Paul Pry answered that at once.
“No,” he said.
“I didn’t think you would be.”
“What’s your name?” he asked her.
“Louise Eckhart,” she told him. Then, after a moment, “My friends call me Lou.”
“Where do you want to go, Lou?”
She smiled up at him.
“I like you,” she said.
He nodded. “Where to?” he repeated.
“I’ve got a suitcase parked at the Union Depot. I did have the ticket in my stocking. Wonder if it’s gone?”
She pulled the overcoat to one side, searched the tops of her stockings, first the right, then the left. She handed him a crumpled bit of pasteboard.
“That’s luck. I can get some clothes. Would you mind driving to the depot, getting the suitcase, and then driving me where I can dress?”
“Not at all,” said Paul Pry. “I’d better get some gasoline if we’re going that far, though. I’m about out.”
They were approaching the junction of the river road with the through boulevard, and the lights of gasoline stations flung themselves out across the darkness.
The girl sighed.
“You,” she proclaimed, “are a regular guy.”
Paul Pry made no comment. He drove into a gasoline station.

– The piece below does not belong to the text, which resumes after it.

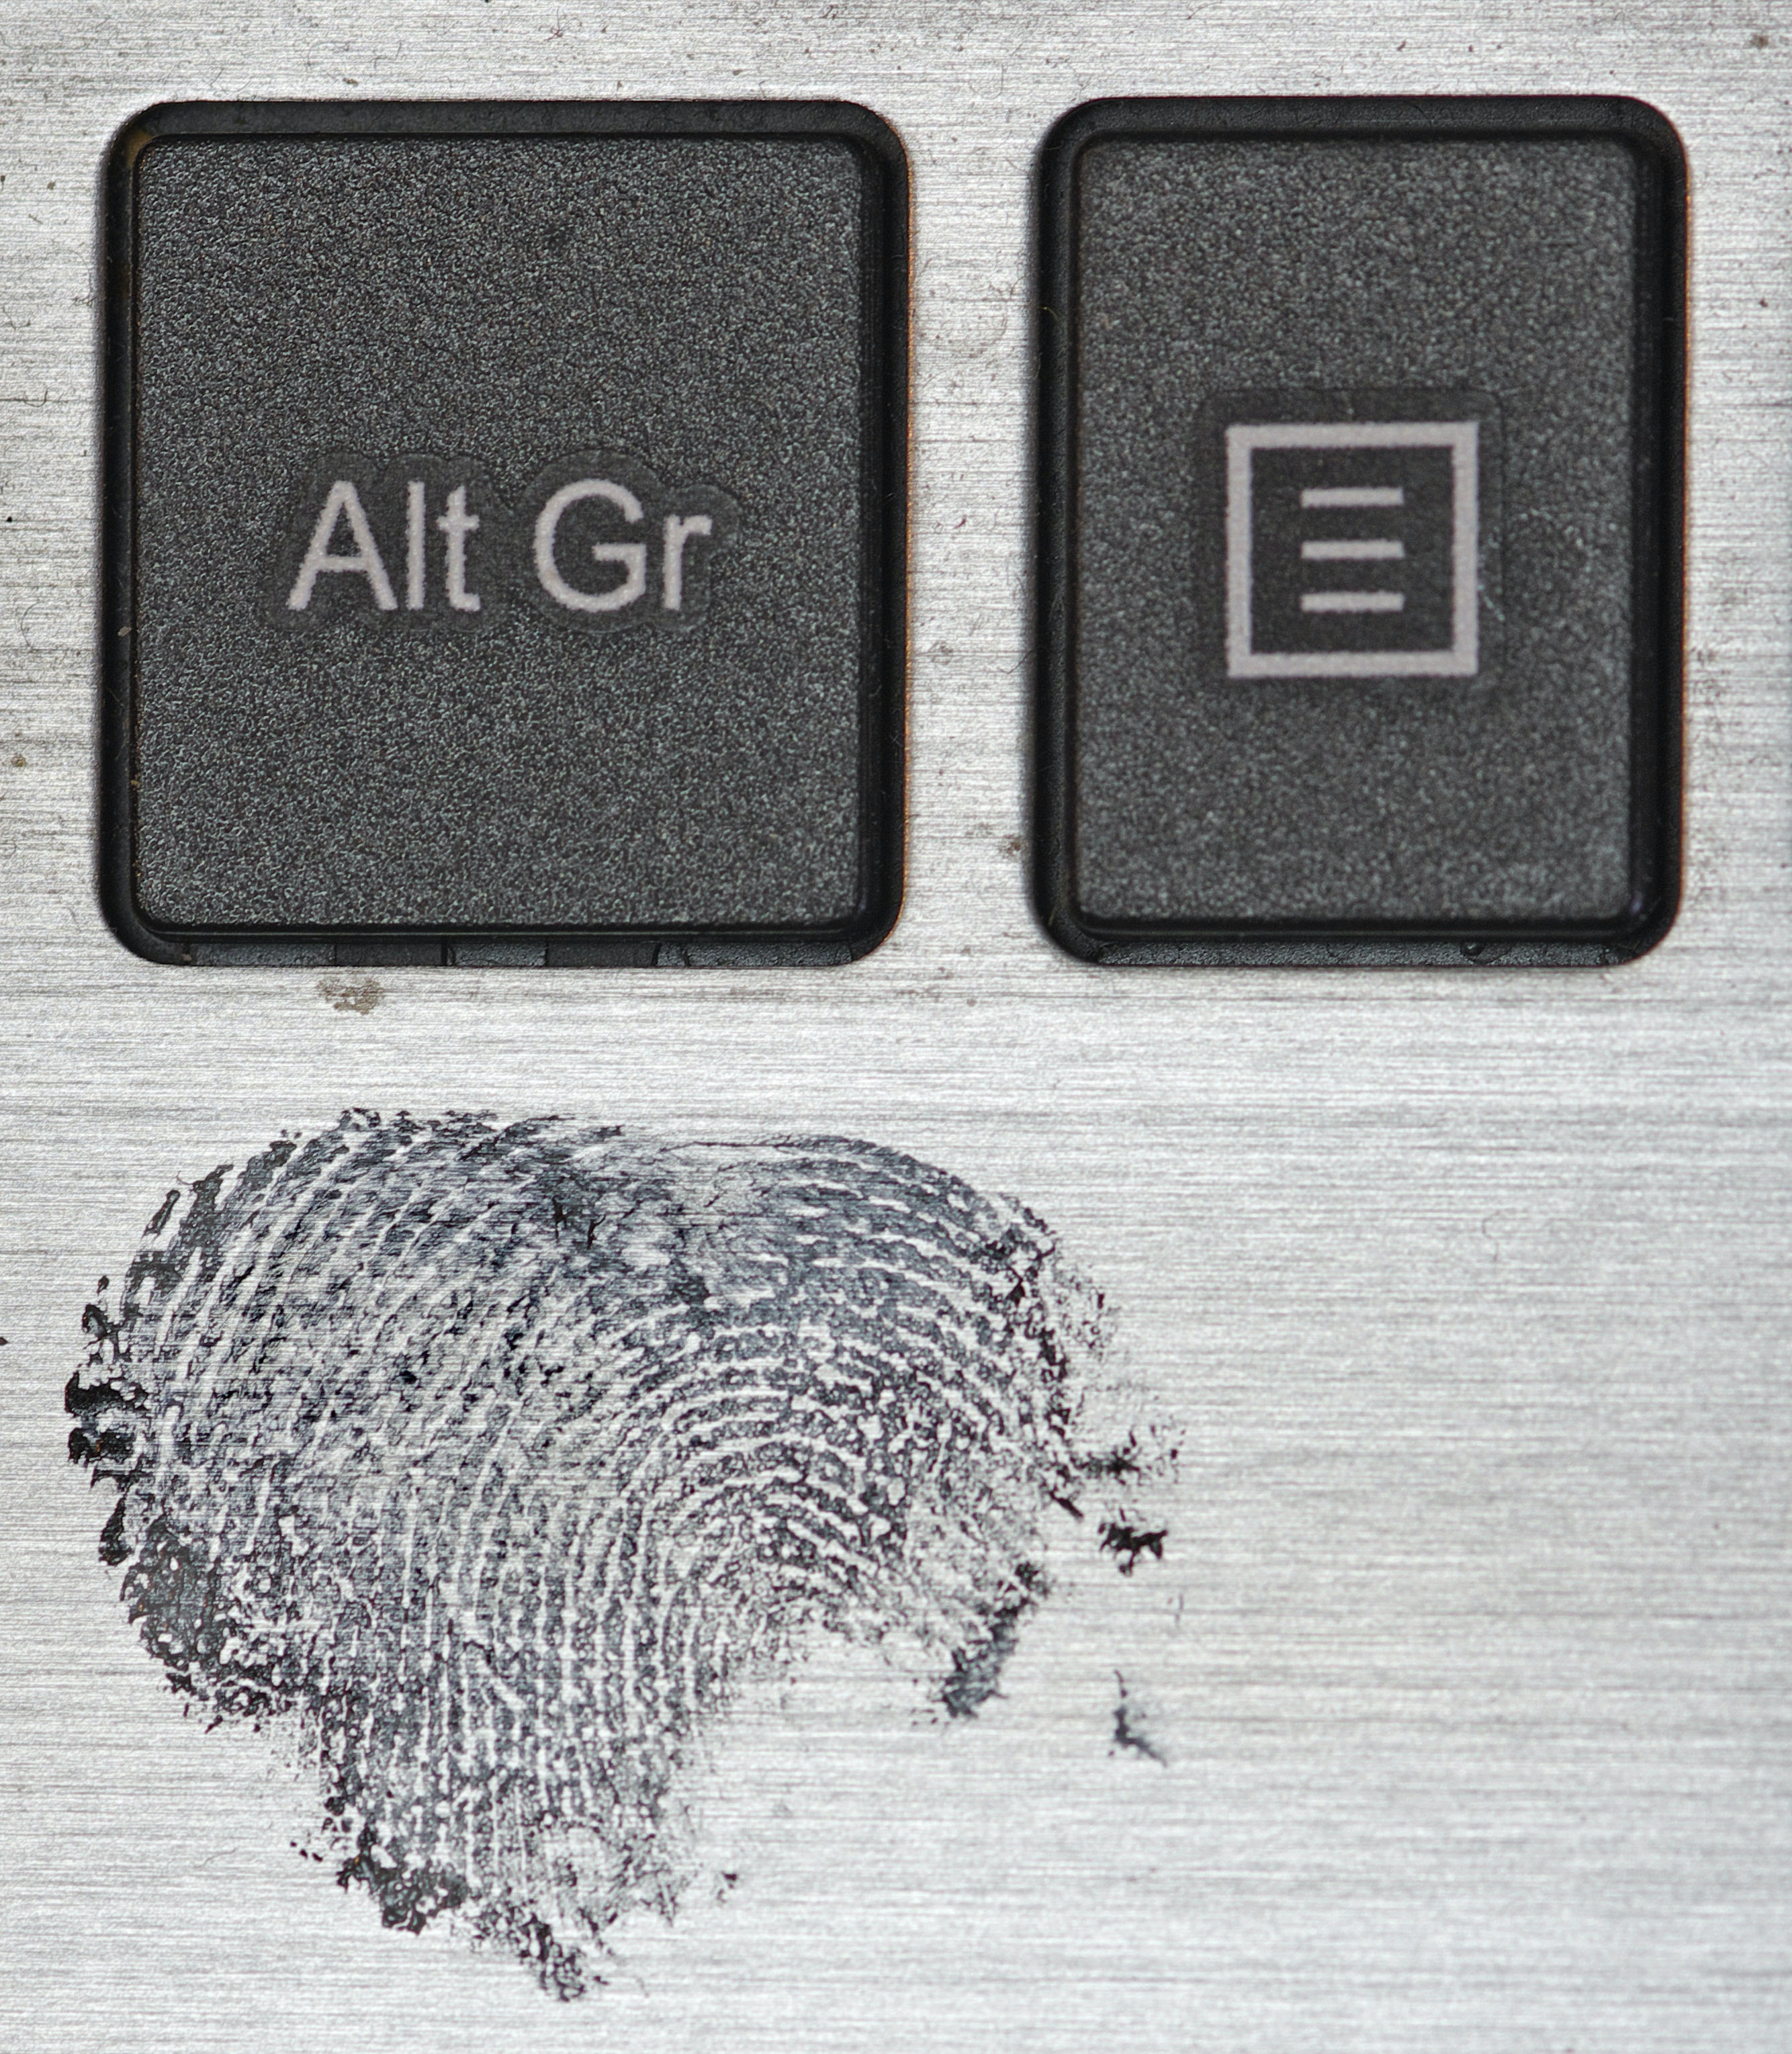 Immo Wegmann "fingerprint on a Labtop surface"

“Fill her up,” he told the attendant, and walked to the telephone, gave the number of his apartment, and heard the voice of “Mugs” Magoo on the telephone.
“Drunk, Mugs?”
“Not yet. Gimme ten minutes more an’ I will be.”
“Forget it. Take a drink of water and chase down to the Union Depot. I’m going to drive in there with a moll. Manage to give her the once-over and see if you place her. Then go back to the apartment. I’ll meet you there.”
Mugs Magoo grunted.
“I’ll do it all for you — all except take the drink of water,” he remarked. “Water’s poison to my system,” and he clicked the receiver back in place.
2. The Goose Cackles
Paul Pry paid the attendant. The girl watched him with shrewd eyes. “Telling the wife you were detained at the office?” she asked.
“No wife.”
“Betcha I’m making you miss a heavy date, then.”
Paul Pry grinned.
“It’s worth it.”
He got into the car, drove rapidly and skilfully through the traffic, parked in front of the Union Depot, handed a redcap porter the crumpled pasteboard and a half-dollar.

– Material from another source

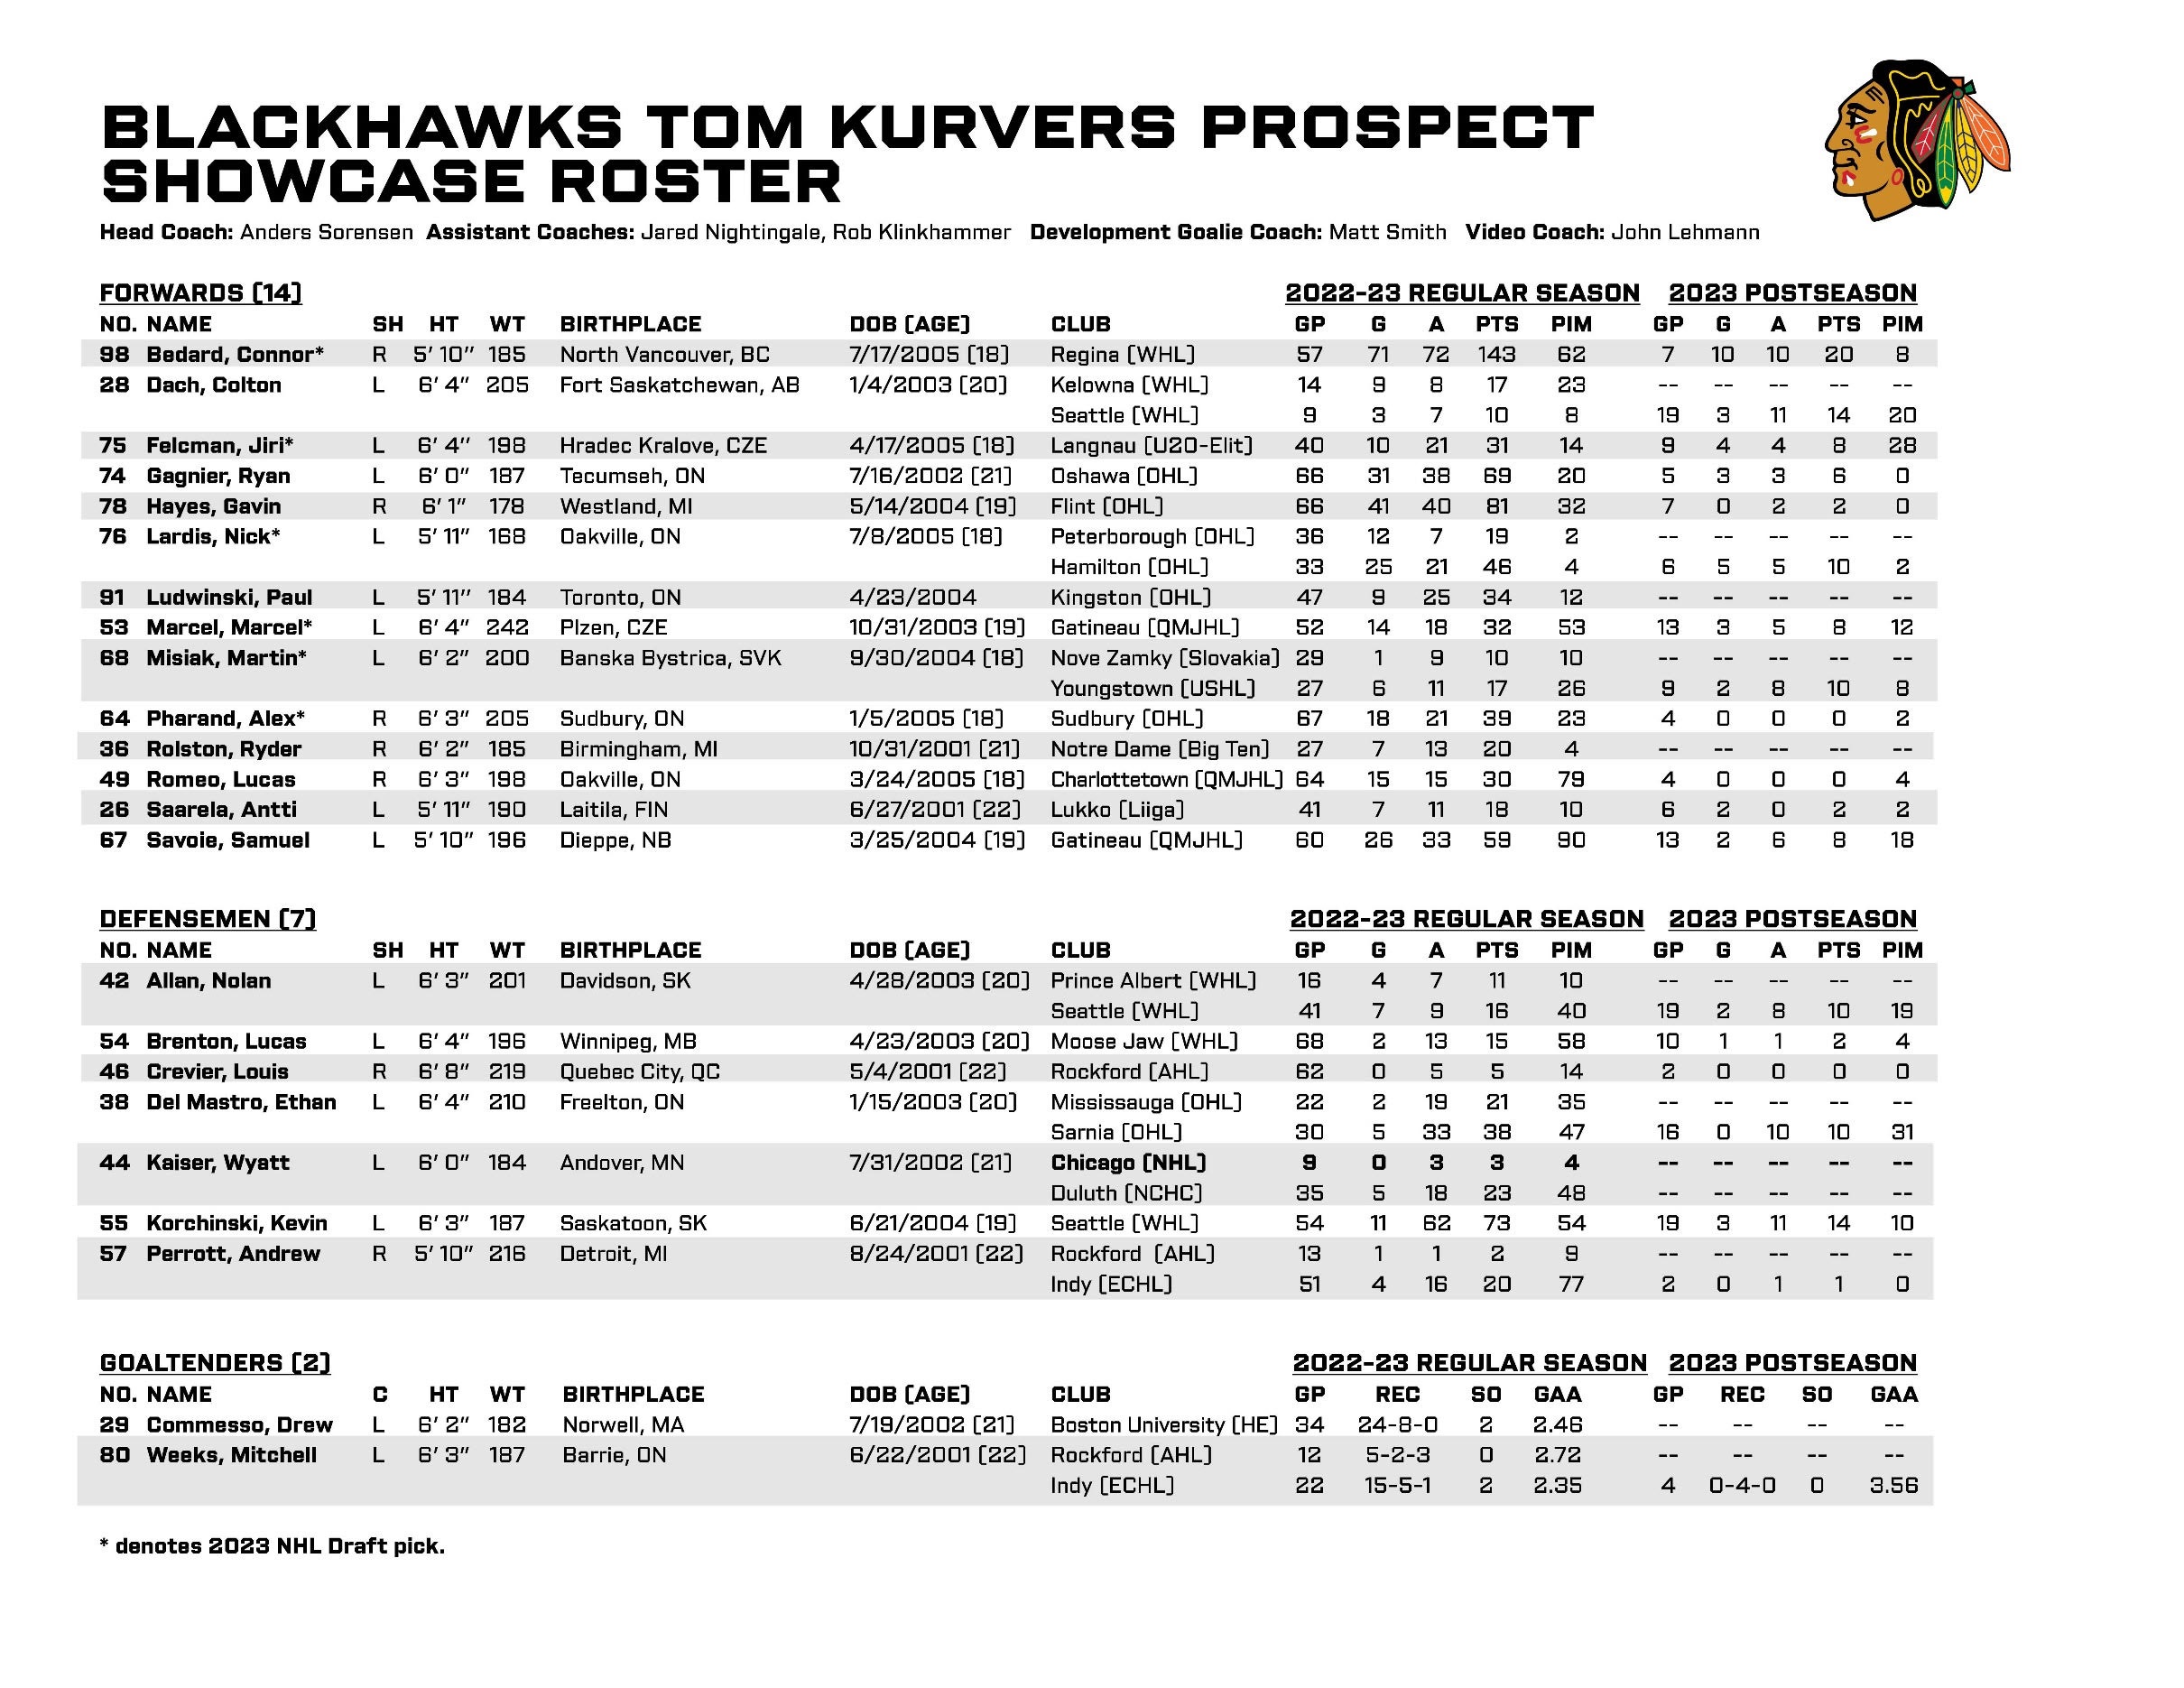 RELEASE: Blackhawks Announce 2023 Tom Kurvers Prospect Showcase

“At the check stand,” he said. “Make it snappy.”
And Paul Pry watched the face of the girl at his side to see if she was at all nonplussed at his failure to call for the suitcase in person. If she was, she failed to show it.

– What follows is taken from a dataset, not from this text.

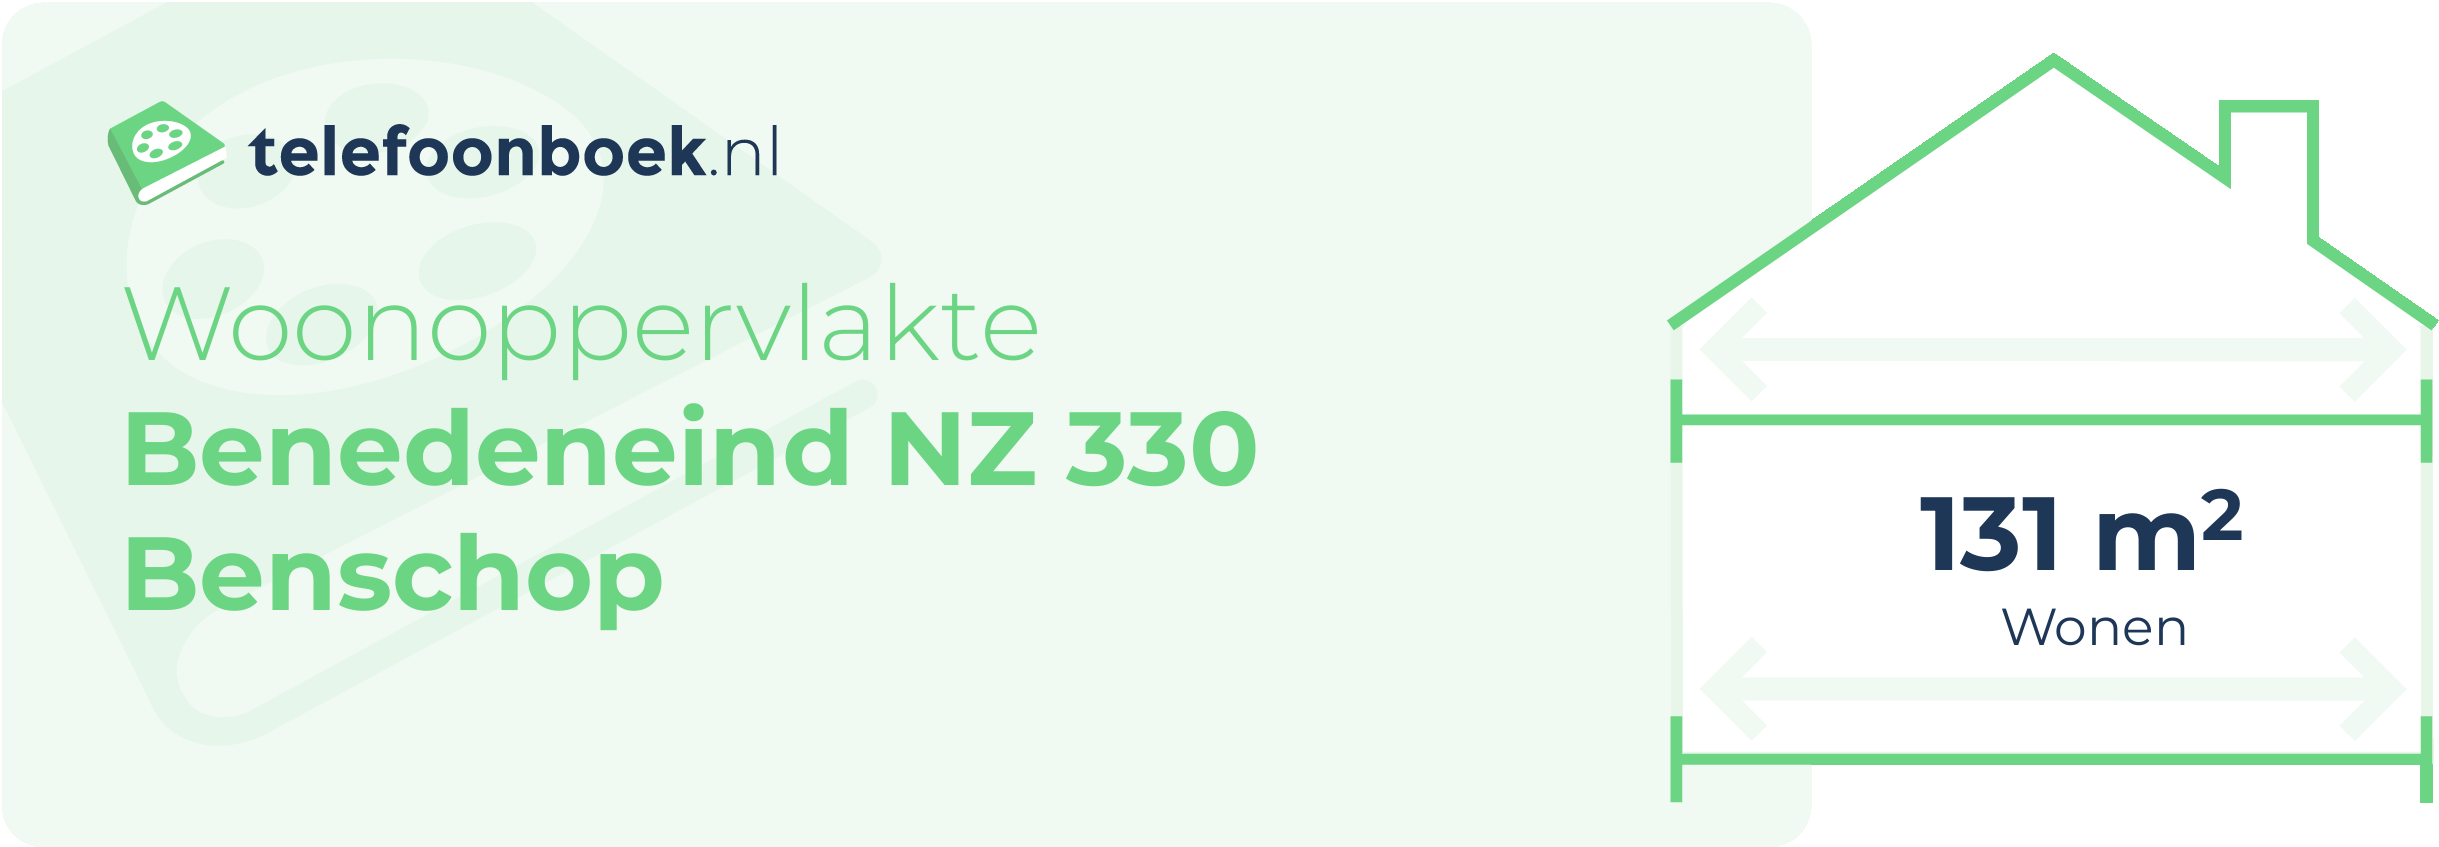 Woonoppervlakte Benedeneind NZ 330 Benschop

Paul Pry was red hot. It might well be that the sole function of this girl was to get him on the spot in front of the checking stand at the Union Depot.
Mugs Magoo walked past.
His glassy eyes flicked once toward the automobile, then turned away. He walked awkwardly, dressed in shabby clothes, his right arm gone at the shoulder.
At one time he had known every crook in the underworld, and his information was now hardly less complete. He had been “camera-eye” man for the metropolitan police. A political shake-up, an accident which cost him his right arm, and bad booze, had made him a human derelict selling pencils in the gutter.
Paul Pry had “discovered” him, and organized a strange partnership. For Mugs Magoo never forgot a name, a face or a connection. While Paul Pry was an opportunist de luxe who lived by his wits. And of late he had chosen to exercise those wits in a battle against Benjamin Franklin Gilvray, known to the police as Big Front Gilvray.
For years Big Front Gilvray had grown in power and prestige. The police knew him as a big man, too powerful to tackle, a gangster who was always in the background, letting his minions do the dirty work of murder and plunder. The police hated Gilvray, and they feared him.
To Paul Pry, Big Front Gilvray was merely the goose which laid his golden eggs.